Aynjell *** posts about...

NVidia 7800GTX

Today is a glorious day: 7800GTX has arrived. Boasting power in abbundance, and so much in fact, that it challenges the practicality of SLI. Let us use 3D Mark 05 as a reference. I, with a very heavy overclock and gaming hardware more or less meant for the less serious (those that game regularly, but lacking a 4,000$ budget which is what is required for top of the line), score a 4,300 with a very VERY unsafe overclock. Toning it down to something I could consider stable delivers a healthy 3,900 while stock is pretty hefty in itself: 3,600. Now, keep those in the back of your mind.

stock 7800GTX score: 7,800

No, that is not with two in SLI, or even overclocked. That is the production power of a single unit. My hardware is officially deprecated and approaching legacy, and i bought it 3 months ago. I am way behind on the hardware scale, and I could care less. No major gaming titles will be released any time soon on any platform that I care to play on (PC), until roughly 2007, which will be the new Unreal title. That game is reputably able to play well on a single 6800 Ultra. But, as many of you may know, new models will be out, and beating the crap out of what's out now.

I got up at 10, for two reasons this morning. 1, because I had a meeting with a benefactor (I am a ward of the state), who was having me sign papers for a 500 dollar, um, yeah, 500 dollars. :) And, to watch the action over the 7800GTX. It's already more expensive than it was when I got up, and it's already the cool thing to do. Well, for once, I can't feed into it, because there isn't an AGP model, it's too damn expensive, and there's no real reason to care. My computer is fast, and will be for some time.

But it's kinda neat to watch new technology.

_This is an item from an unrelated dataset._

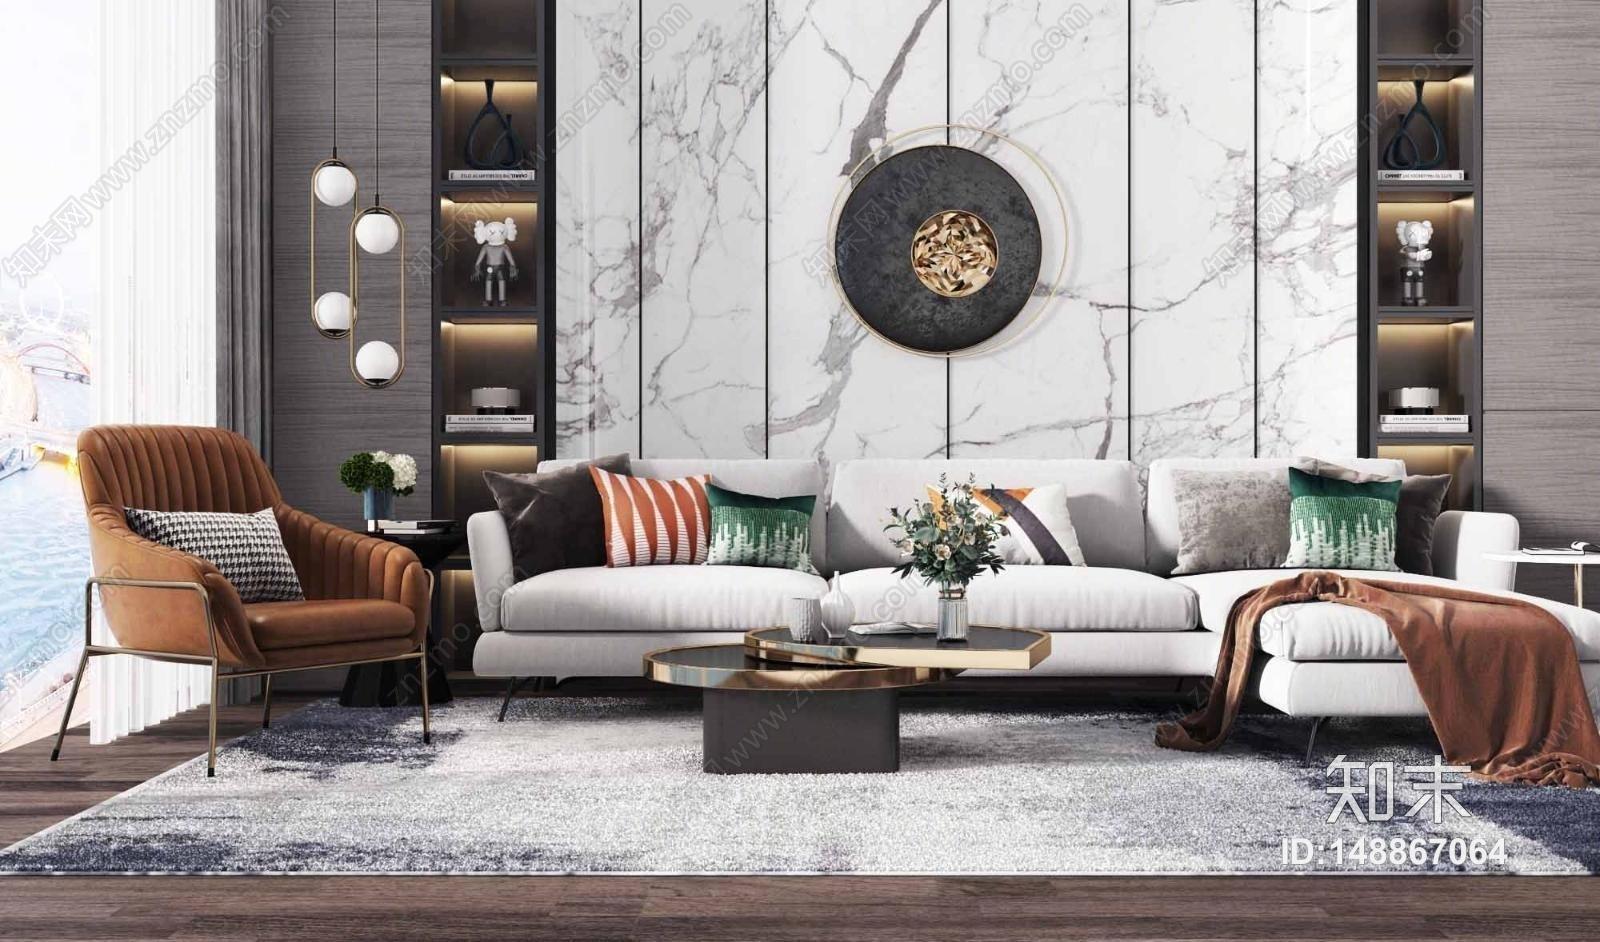 现代沙发茶几组合 休闲椅 吊灯 花瓶 饰品组合

It's good to see that it's twice the speed of the current low-end high-end product (nVidia organizes it's parts in 3 strains, usually: NU, GT, Ultra, or something along those lines, and if they can pull it off, they squeeze in a cheap LE model). Where, Ultra is the highend, NU, or non ultra, the vanilla card like what I have, is the low-end on the high-end. (remember the 3600 - 7800 comparison?)

I should be ashamed of myself.

Jun 24, 2005 03:16 # 36703

mclaincausey *** replies...

Re: NVidia 7800GTX

?% | 1

I read a review of it, looks fairly nice. A lot of what you're paying for is DirectX circuitry though, and I'm not real into Windows or gaming, so it takes a little of the thrill out of it. I noticed on the Nvidia spec page that OS X is supported, so I'm assuming it will be offered in a Mac version.

Ewige Blumenkraft!

Jun 24, 2005 03:31 # 36706

Aynjell *** replies...

Direct 3D?

NVidia focuses on Open GL. Thier reputation has shown a trend to do so, and thier cards are still faster as Open GL cards than Direct3D. If any of that is Direct 3D, it's to correct the imbalance, because any game staunchly D3D will dislike an nVidia card. My 6800 can and very easily will play doom 3 at exceedingly high settings, yet, Counter Strike gives my hardware the willies. As soon as a 7800GTX is released for AGP, I will buy one, though, seeing as how right now I am considering a 6800GT or 6800 Ultra, the smart thing to do is wait for something in teh GeForce 7 lineup. Thier biggest rewarding facets are better heat dissapation, lower heat generation, less power consumption, and as detailed above: they kick more ass.

In short, GeForce 7800GTX is the best card on the market, period, and yes, even monitarily, considering some Ultra's still sell for 800$.

I should be ashamed of myself.

Jun 24, 2005 11:20 # 36709

mclaincausey *** replies...

Re: Direct 3D?

That's true, but still a significant amount of circuitry is dedicated to DirectX 9. Nvidia's commitment to OGL and Linux have made them preferable to ATI for me over the years, despite the higher prices that aren't always justified by a significant enough performance advantage. Not to flog a dead horse, but I still don't get the whole DirectX thing. Obviously it has some great capabilities, but why Microsoft felt it necessary to reinvent the wheel with a proprietary COM-based nightmare instead of simply extending a graceful open standard based on C is beyond me.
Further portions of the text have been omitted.